Sunday, April 6, 2015
Mom just left to go to the hospital! She said she was having a lot of contractions and thinks the baby is coming!! Dad and mom thought it would be best not to wake up Abby, so I am staying home with her. But dad says right when the baby is born we can come and see little Bobby. I can’t wait to see him!! The phone is ringing…. it might be dad. Got to go!
Monday, April 7, 2015
Bobby is finally here!! He is so precious. I just love him to death. Now that mom’s all good, we have decided to move to Oklahoma. Mom and dad sold the house here and we are moving the day after school gets out. All of our boxes are packed except our clothes and a few pots and pans. They told me that California homes sell for a lot more than Oklahoma homes, so they said the house they bought over the internet is a lot bigger and cheaper than the one we have now. And mom has a friend there that told her she can tutor some kids there for some cash until mom and dad find jobs. Mom and dad said that it will be hard to find jobs right now, but that they have it all planed out with the money they got from the diner and the house.
Tuesday, June 9, 2015
Today was the last day of school! It was a lot of fun. We went around the room talking about what we are all going to do for vacation, and I said “I’m not going on vacation but I am moving into a huge house!!” If there were a prize to who had the best thing to say, I would definitely win. I gave all my teachers and friends a hug and then after school, dad drove me over to what the diner used to be (now it’s a real-estate office) and we said our final goodbye. We rented one U-Haul for moving and dad’s uncle also came down and is going to help us move to Oklahoma. It’s good to have family. With mom taking care of Bobby, it’s pretty much dad who is doing all the heavy lifting and with Great Uncle John here it has been really helpful.

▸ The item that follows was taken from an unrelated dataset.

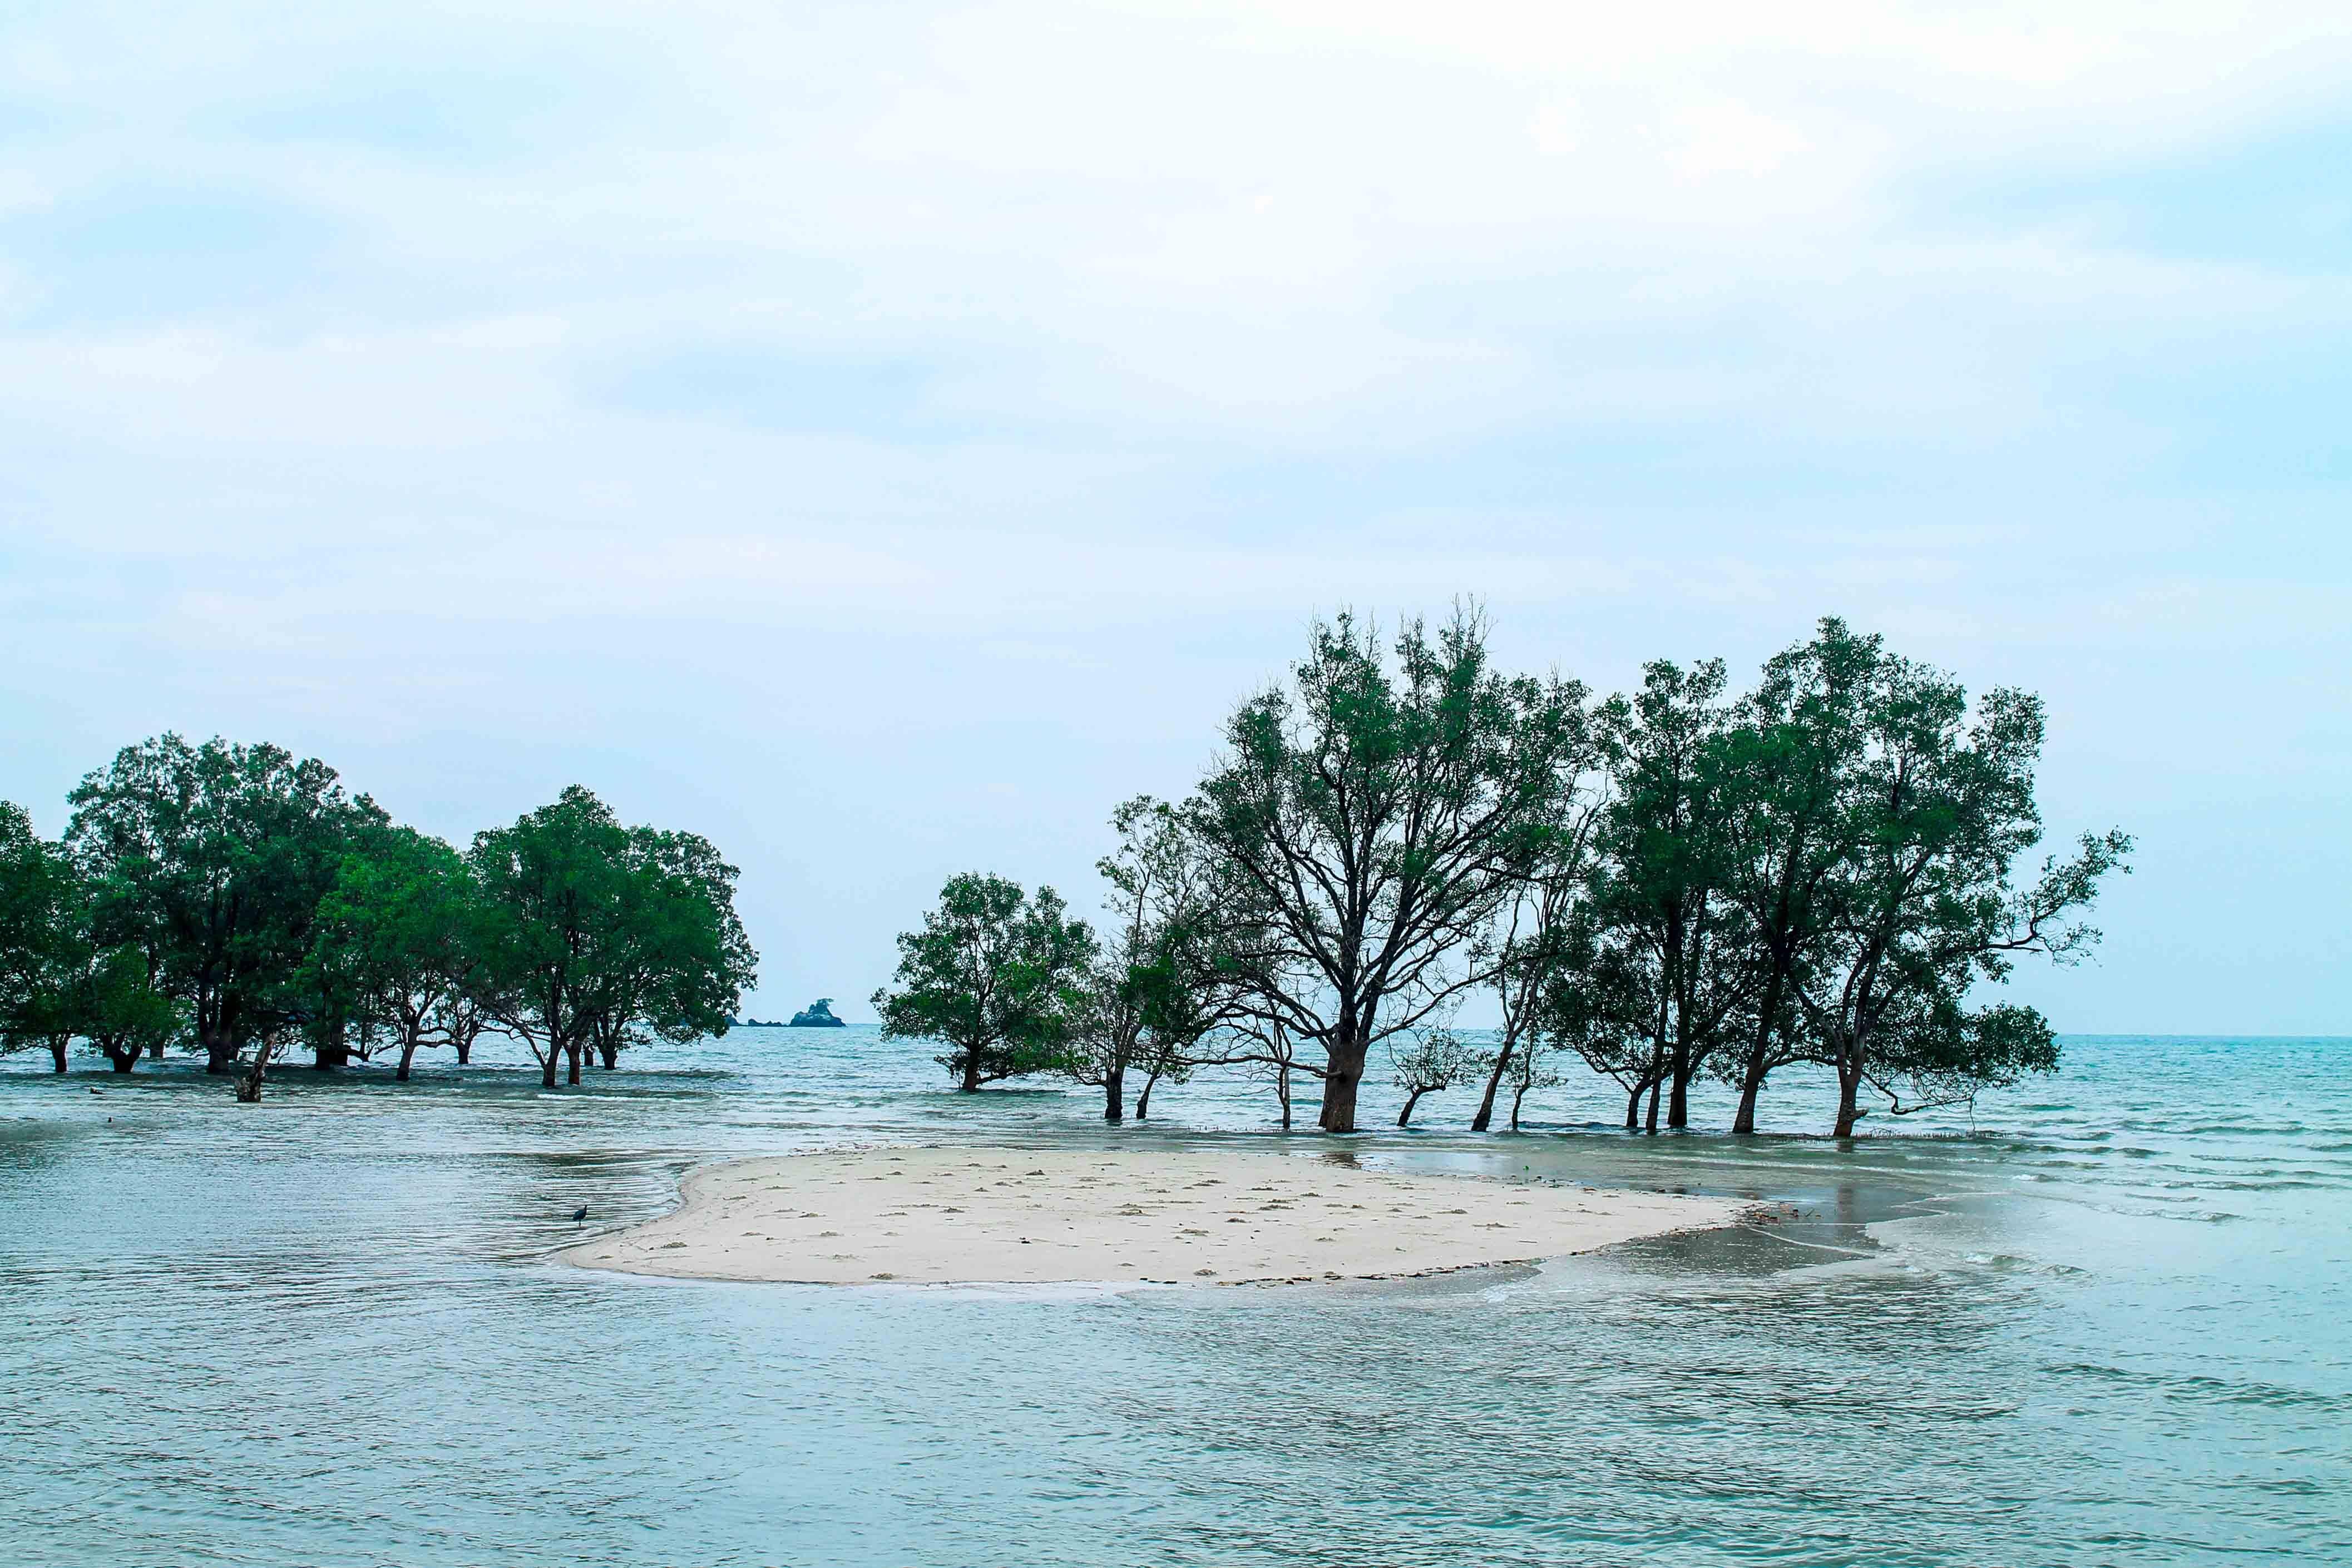 Uma parte da floresta inundada na parte sul da Ao Khao Kwai (Buffalo Bay) na Tailândia

Well I gotta go to bed. Big, big day tomorrow.
Wednesday, June 10, 2015
I usually write at night, right before bed, but it’s a long drive to Oklahoma. I think this move is really good for our family. It’s a new start, Bobby is here and Abby is starting kindergarten. Mom and dad both have friends from college that live there that are really nice, I think we are gonna be able to forget about all of our money problems we had in Socal and focus on our new life in Oklahoma.
Mom says we have twenty more hours to go till we get to the house. boo…. oh well. I can’t wait till we get there and see my new room!!